L'écart linguistique

Je commence avec l'écart linguistique, c'est-à-dire la distance entre les mots utilisés ou disponibles
dans la langue « cible » et la langue « source ». Il est évident que les mots—et les langages auxquels ils
sont attachés—ne sont pas des institutions fixes. Par contre, et qu'est bien connu, les langues sont
fluides. Elles changent au fil de temps, avec la géographie, et entre des classes sociales. Ou, comme
disait l'écrivain José Saramago : « Não há uma língua portuguesa, há línguas em português. »7 On peut très
bien appliquer cette formulation à tous autres langues "institutionalisés."

Malgré que les mots, les signes de langage, ne soient pas stables, ça ne veut pas dire ils n'ont pas de
logique. Par contre, les langues ont tous une logique, organisée par rapport les besoins et l'usage de
pouvoir dans leurs circonstances et particularités. D'après tout, « un langage est un dialecte avec une
armée et une flotte ».8 Je ne parlerai beaucoup sur cette notion de la logique des langages, car elle est
très bien soutenue chez les linguistes9, les sociologistes10, et les philosophes11. Il suffit pour l'instant
de présupposer que les langages ne changent sans logique, sans raison. Ça veut dire que l'on peut
toujours, théoriquement, enchaine un mot à un autre. Sans cette stabilité de sens du point de vue
épistémologique (même si le mot en soi changent), la traductrice (moi) serait perdue. Je ne postule
pas qu'il y a un sens de langage universel.12 Ma prétention ici est beaucoup plus modeste : qu'il est
toujours possible de relier le sens d'un mot dans un langage au sens d'un (des) mot(s) dans un autre
langage, ou même dans une autre version du langage « source ».

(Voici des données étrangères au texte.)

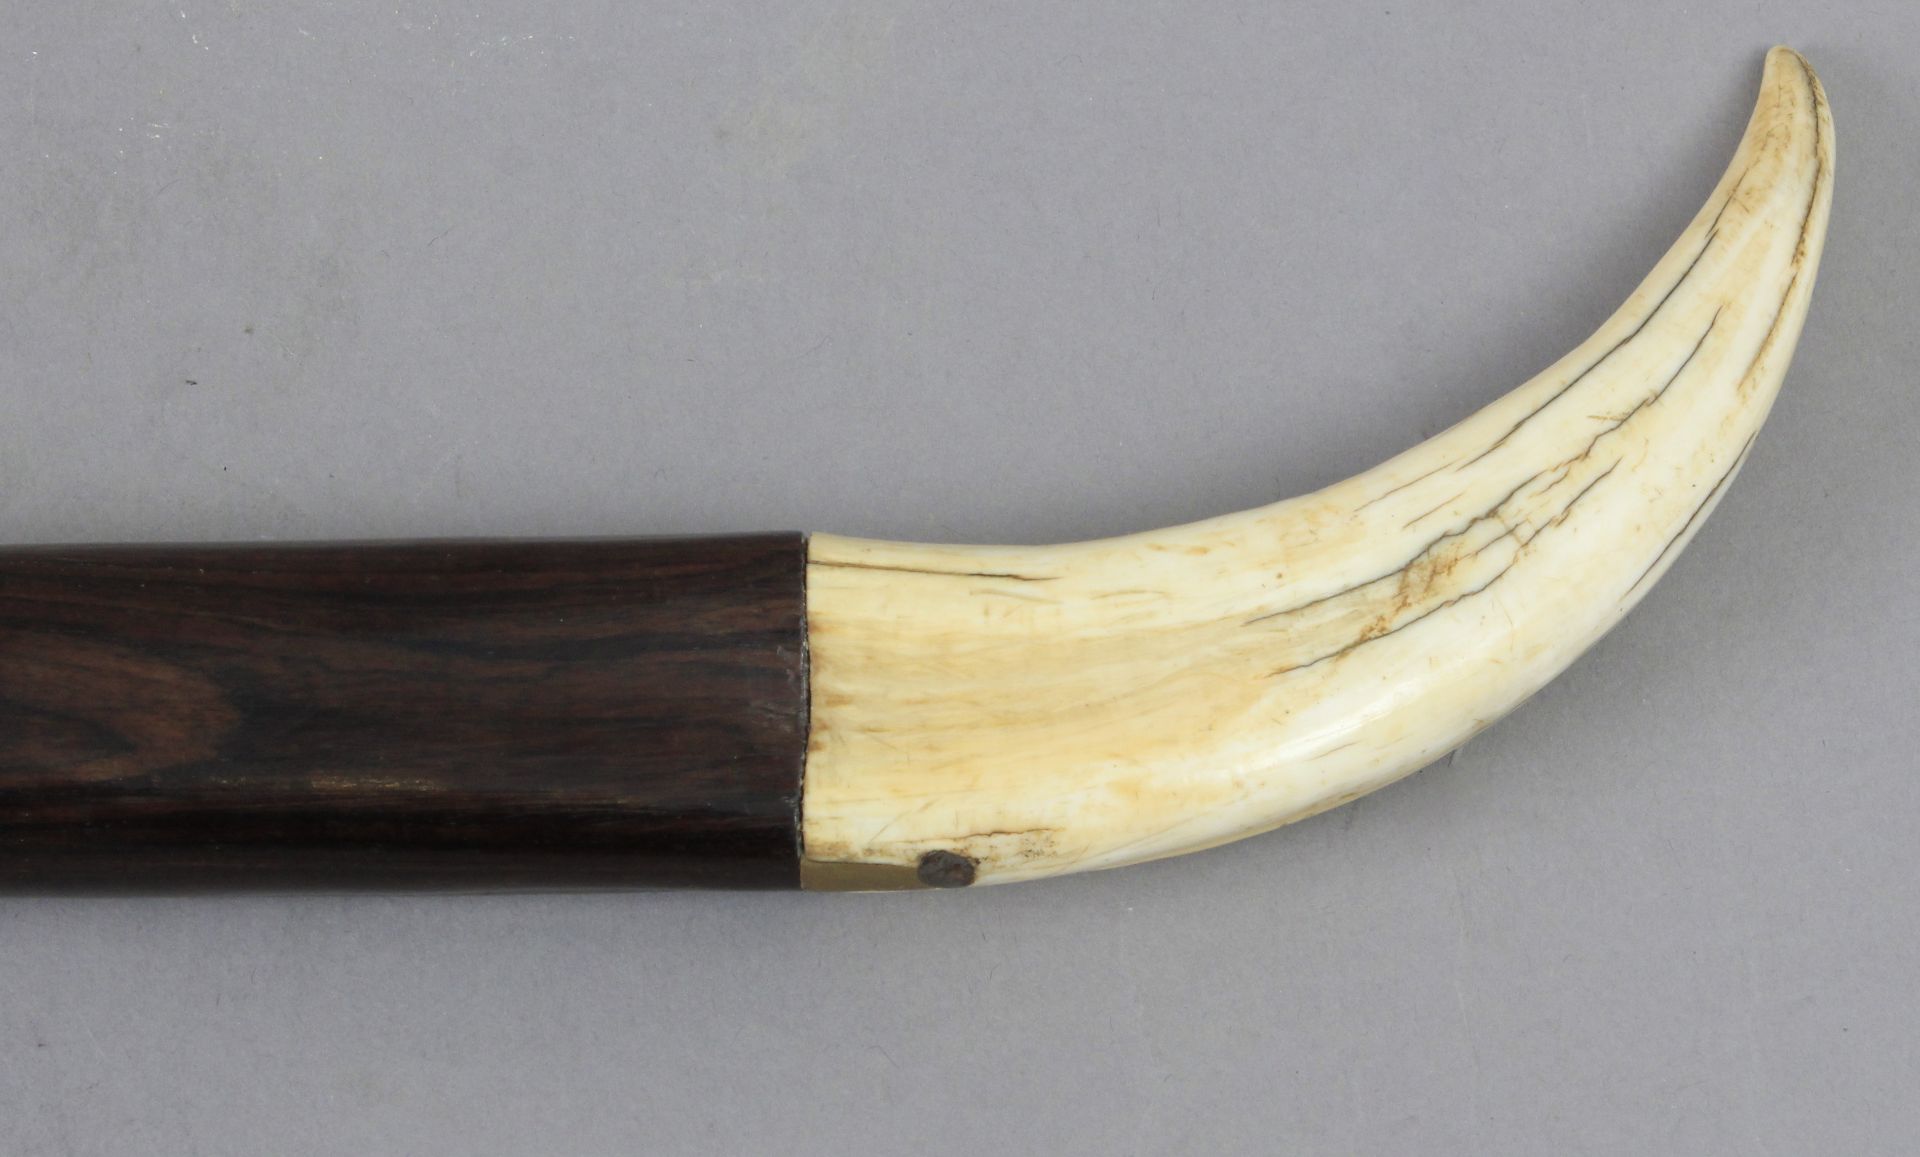 A 19th century cherry tree wood walking cane with a warthog tusk handle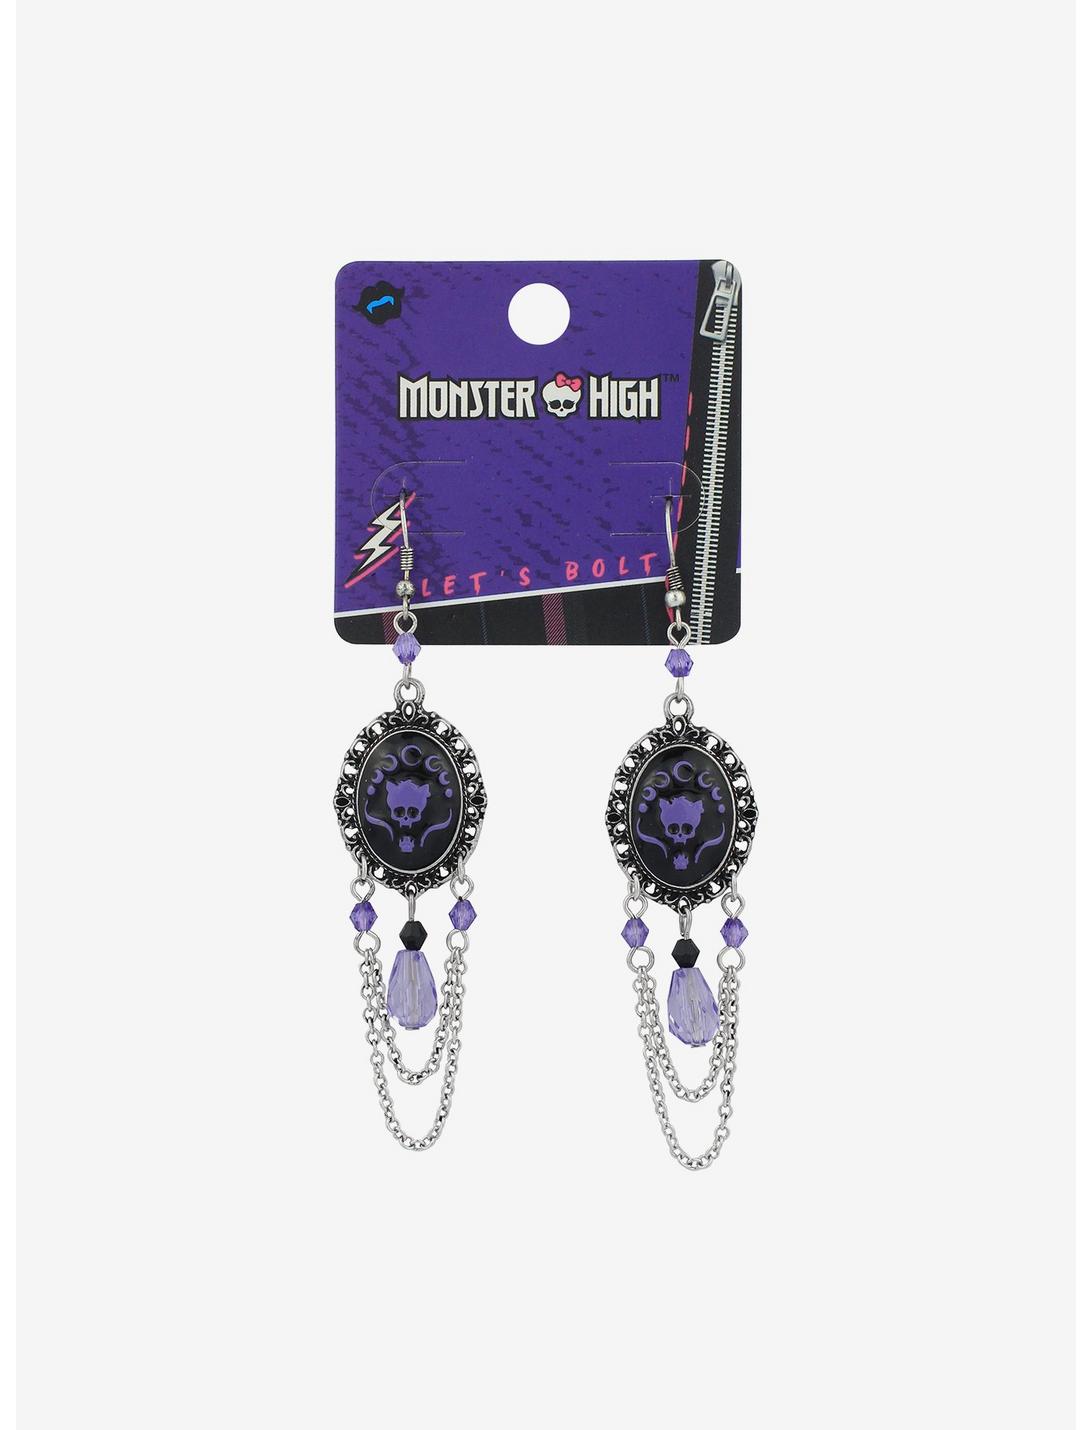 Monster High Clawdine Cameo Earrings, , hi-res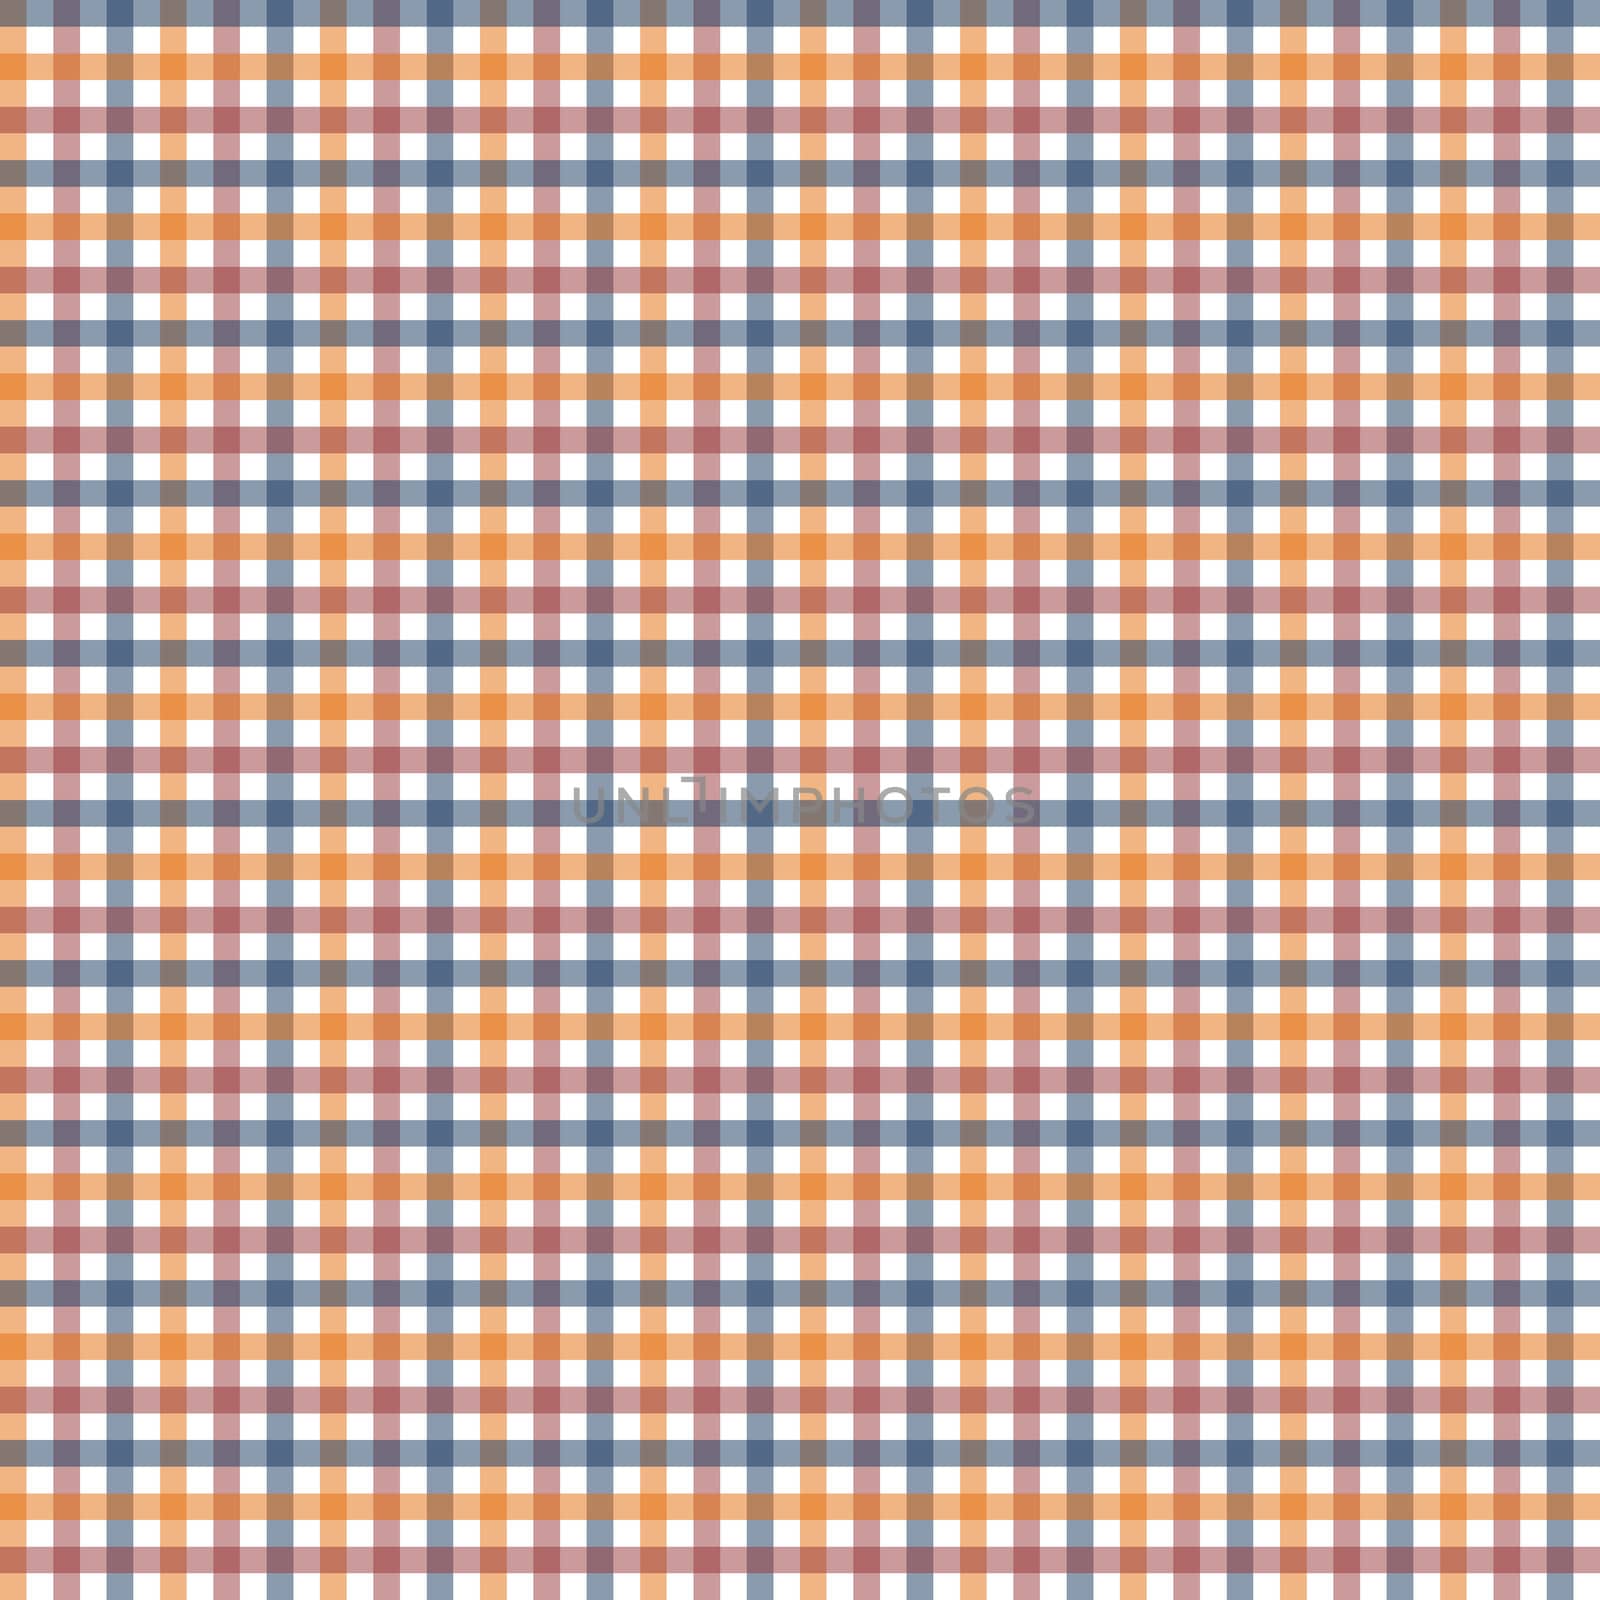 Colorful seamless table cloth pattern as texture

7 Il n'y a une langue portugaise ; il y a des langues en portugais. SARAMAGO, José, Línguas: Vidas em Português (2004).
8 La citation était écrite originalement en yiddish. Flotte me semble la plus proche à l'original flot (« ‫)» ֿפלאָ ט‬.
WEINREICH, Max, "Der YIVO un di problemen fun undzer tsayt", presenté dans un discours à la colloque annuelle de
YIVO (5 janvier 1945).
9 WEINREICH, Max, ibid.
10 LABOV, William, BOBERG, Charles et ASH, Sharon (eds.) The Atlas of North American English (2004), par exemple.
11 WITTGENSTEIN, Ludwig, Tractatus Logico-Philosophicus (1921), par exemple.
12 Je suis très sceptique par rapport les déclarations d'universalité dans les théories.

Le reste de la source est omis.